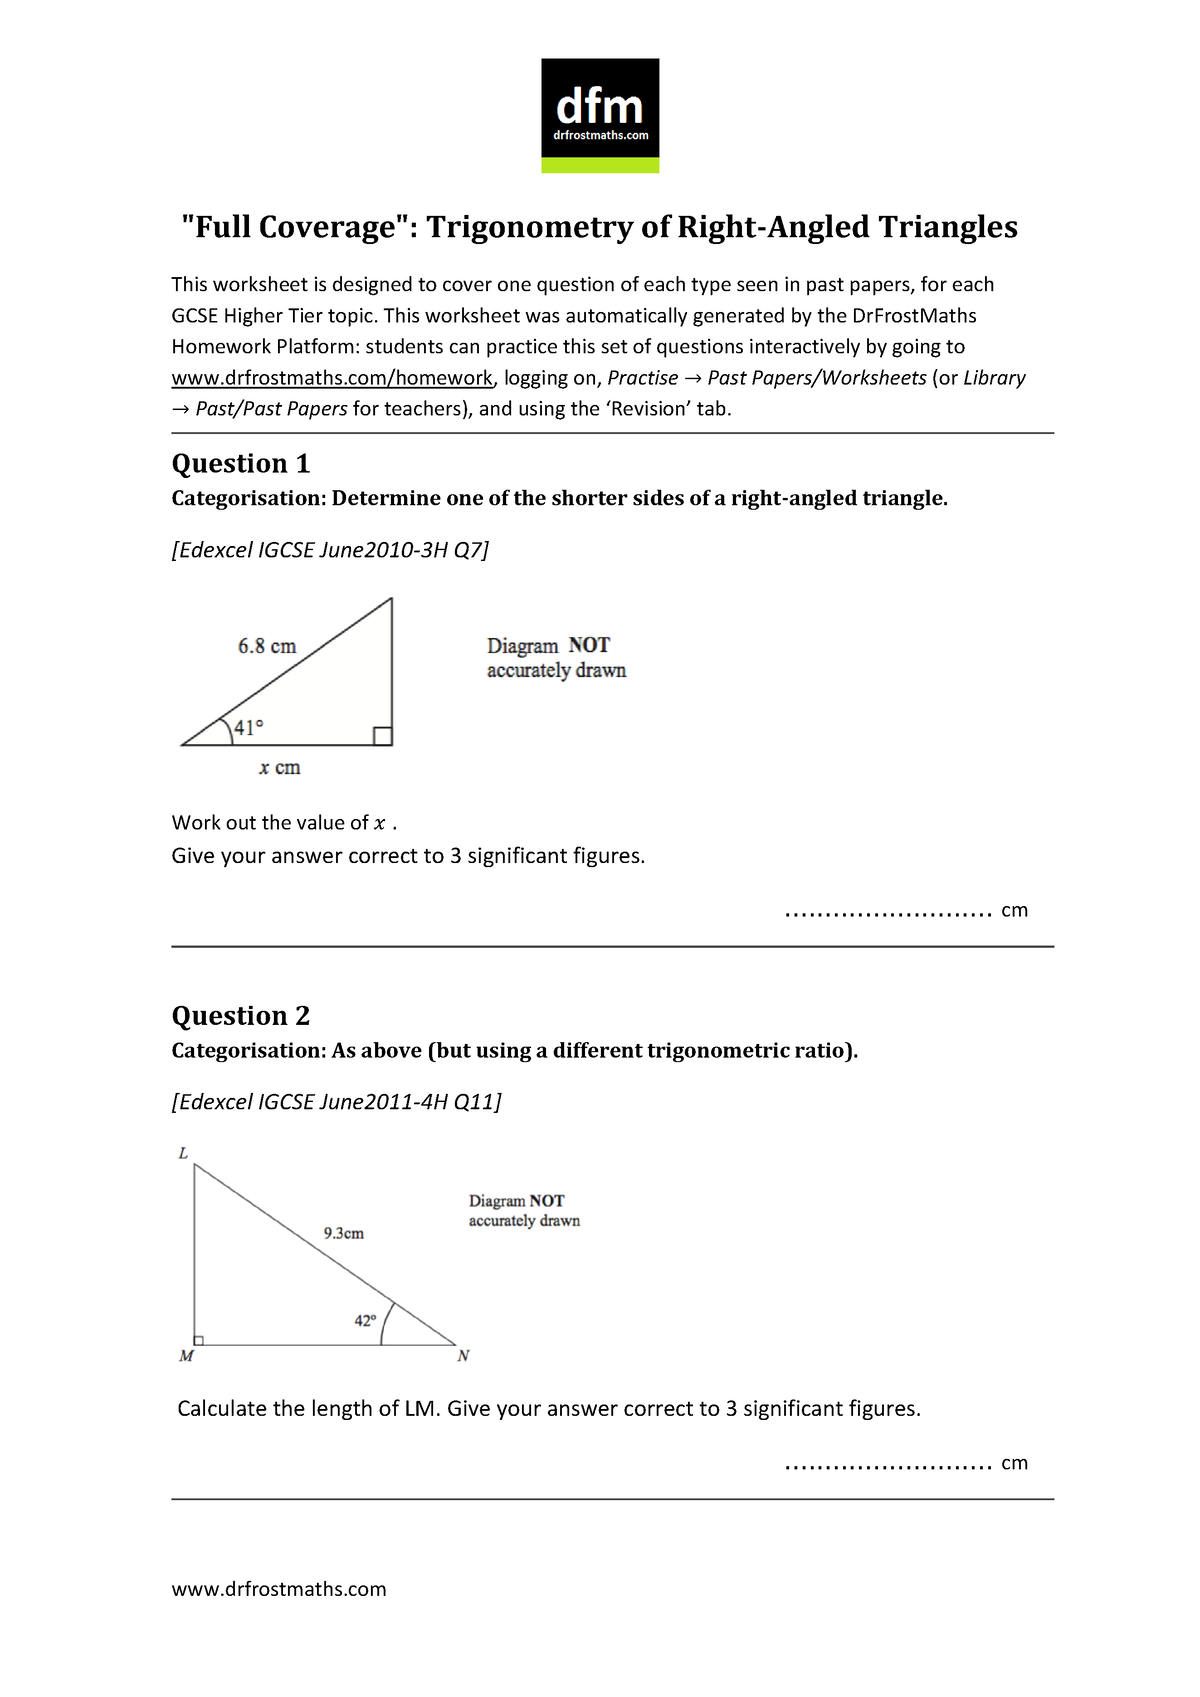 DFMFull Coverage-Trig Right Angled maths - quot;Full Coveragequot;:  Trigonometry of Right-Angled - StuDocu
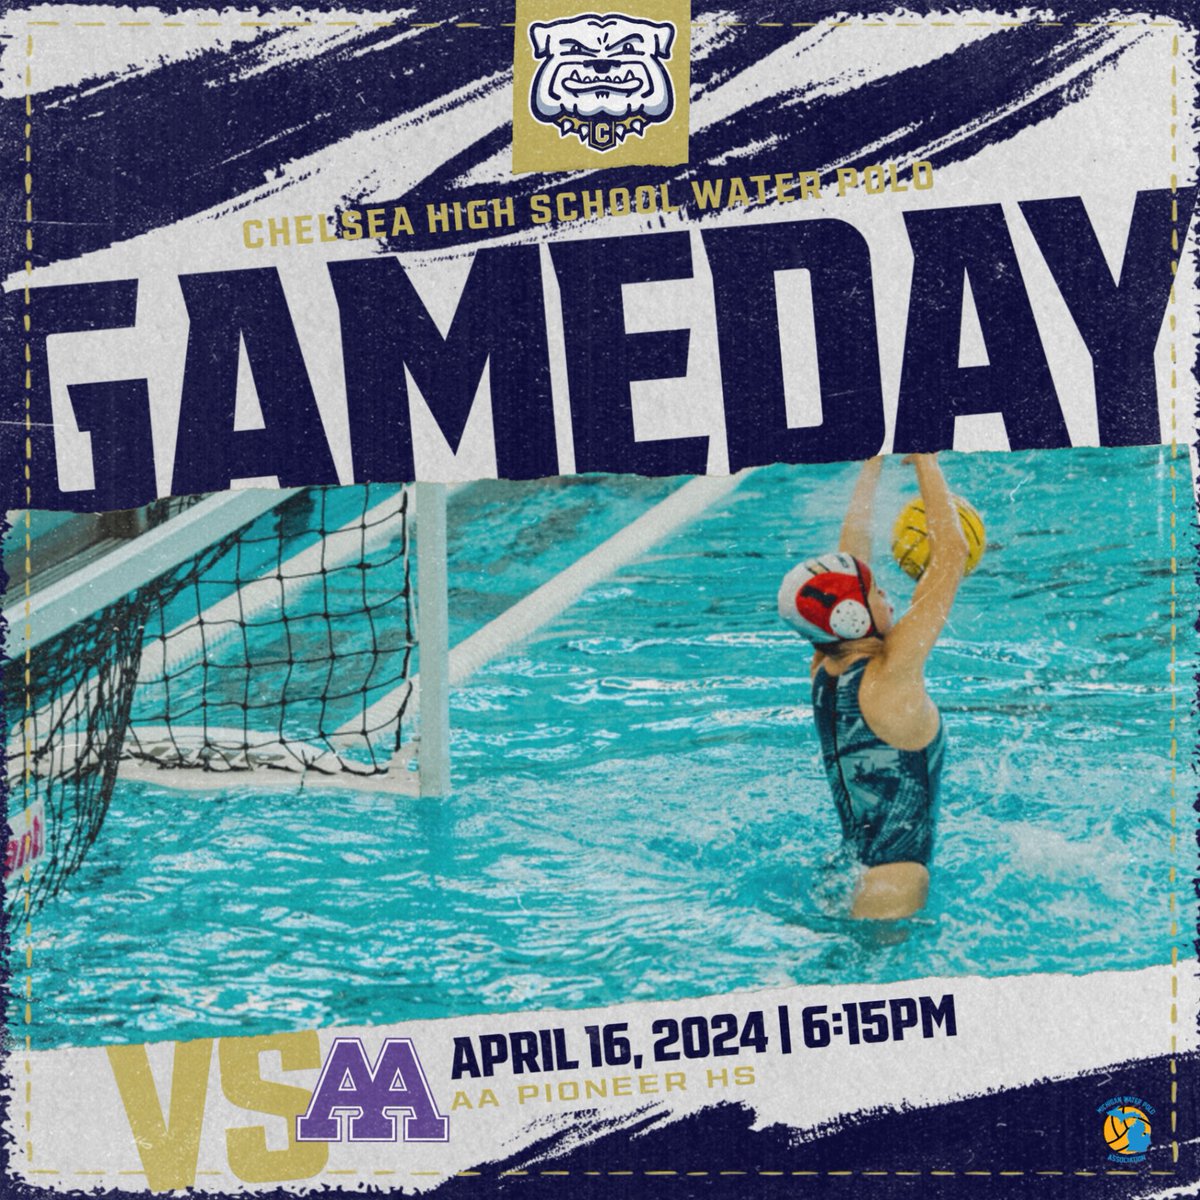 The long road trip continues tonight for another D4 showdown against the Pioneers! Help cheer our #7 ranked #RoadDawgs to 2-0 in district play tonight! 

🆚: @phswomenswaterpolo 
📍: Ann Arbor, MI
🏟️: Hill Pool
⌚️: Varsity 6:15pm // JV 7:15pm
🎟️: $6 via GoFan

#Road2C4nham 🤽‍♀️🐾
:::::
◆ Task item: Quote the records in full and exactly; skip any image.

◆ Response area:
 DFMFull Coverage-Trig Right Angled maths - quot;Full Coveragequot;:  Trigonometry of Right-Angled - StuDocu
 The long road trip continues tonight for another D4 showdown against the Pioneers! Help cheer our #7 ranked #RoadDawgs to 2-0 in district play tonight! 

🆚: @phswomenswaterpolo 
📍: Ann Arbor, MI
🏟️: Hill Pool
⌚️: Varsity 6:15pm // JV 7:15pm
🎟️: $6 via GoFan

#Road2C4nham 🤽‍♀️🐾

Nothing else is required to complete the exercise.